Nucleosome core binding region of chromosomal protein HMG-17 acts as an independent functional domain

Chromosomal proteins HMG-14 and HMG-17 have a modular structure. Here we examine whether the putative nucleosome-binding domain in these proteins can function as an independent module. Mobility shift assays with recombinant HMG-17 indicate that synthetic molecules can be used to analyze the interaction of this protein with the nucleosome core. Peptides corresponding to various regions of the protein have been synthesized and their interaction with nucleosome cores analyzed by mobility shift, thermal denaturation and DNase I digestion. A 30 amino acid long peptide, corresponding to the putative nucleosome-binding domain of HMG-17, specifically shifts the mobility of cores as compared to free DNA, elevates the tm of both the premelt and main melt of the cores and protects from DNase I digestion the same nucleosomal DNA sites as the intact protein. The binding of both the peptide and the intact protein is lost upon digestion of the histone tails by trypsin. The nucleosomal binding sites of the peptide appear identical to those of the intact protein. Thus, a region of the protein can acts as an independent functional domain. This supports the notion that HMG-14 and HMG-17 are modular proteins. This finding is relevant to the understanding of the function and evolution of HMG-14/-17, the only nucleosome core particle binding proteins known to date.

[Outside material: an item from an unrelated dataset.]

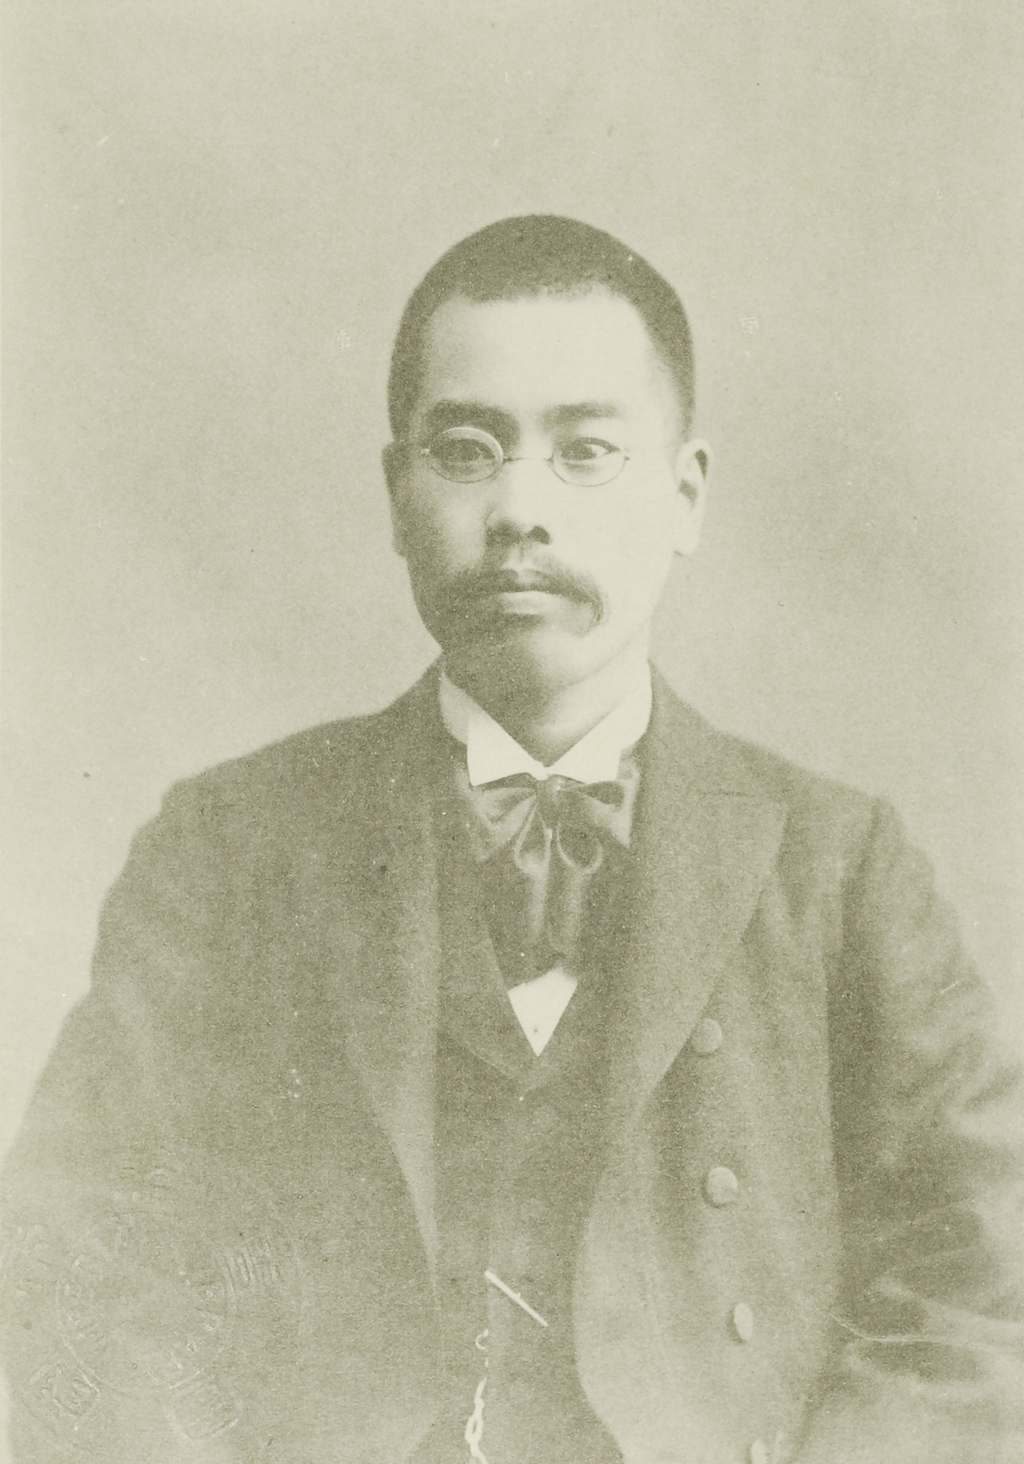 Portrait of YOKOTA Sennosuke1

HMG proteins 14 and 17 become cross-linked to the globular domain of histone H3 near the nucleosome core particle dyad

HMG proteins were derivatized with the photoactivatable cross-linker N-succinimidyl 3-((4-azidophenyl)dithio)propionate and then allowed to associate with nucleosome core particles. Following photolysis, peptide mapping of the principal dimeric adducts was carried out. Cross-linking occurred primarily from a central location in the HMGs to a central location in H3. The positions of these cross-links, considered along with other data from the literature, show that HMG proteins 14 and 17 make important contacts to H3 near the front face of the nucleosome. This raises the possibility that HMGs 14 and 17 participate in the reported conformational transition which exposes the H3 sulfhydryls of active nucleosomes.

Recombinant human chromosomal proteins HMG-14 and HMG-17

Vectors for expressing human chromosomal proteins HMG-14 and HMG-17 in bacterial cultures under the control of the temperature-inducible lambda PL promoter have been constructed. The open reading frames of the cDNAs have been amplified by the polymerase chain reaction (PCR), utilizing amplimers containing desired restriction sites, thereby facilitating precise location of the initiation codon downstream from a ribosomal binding site. Expression of the recombinant proteins does not significantly affect bacterial growth. The rate of synthesis of the recombinant proteins is maximal during the initial stages of induction and slows down appreciably with time. After an initial burst of protein synthesis, the level of the recombinant protein in the bacterial extracts remains constant at different times following induction. Methods for rapid extraction and purification of the recombinant proteins are described. The recombinant proteins are compared to the proteins isolated from eucaryotic cells by electrophoretic mobility, Western analysis and nucleosome core mobility-shift assays. The ability of the proteins to shift the mobility of the nucleosome cores, but not that of DNA, can be used as a functional assay for these HMG proteins. A source for large quantities of human chromosomal proteins HMG-14 and HMG-17 will facilitate studies on their structure, cellular function and mechanism of interaction with nucleosomes.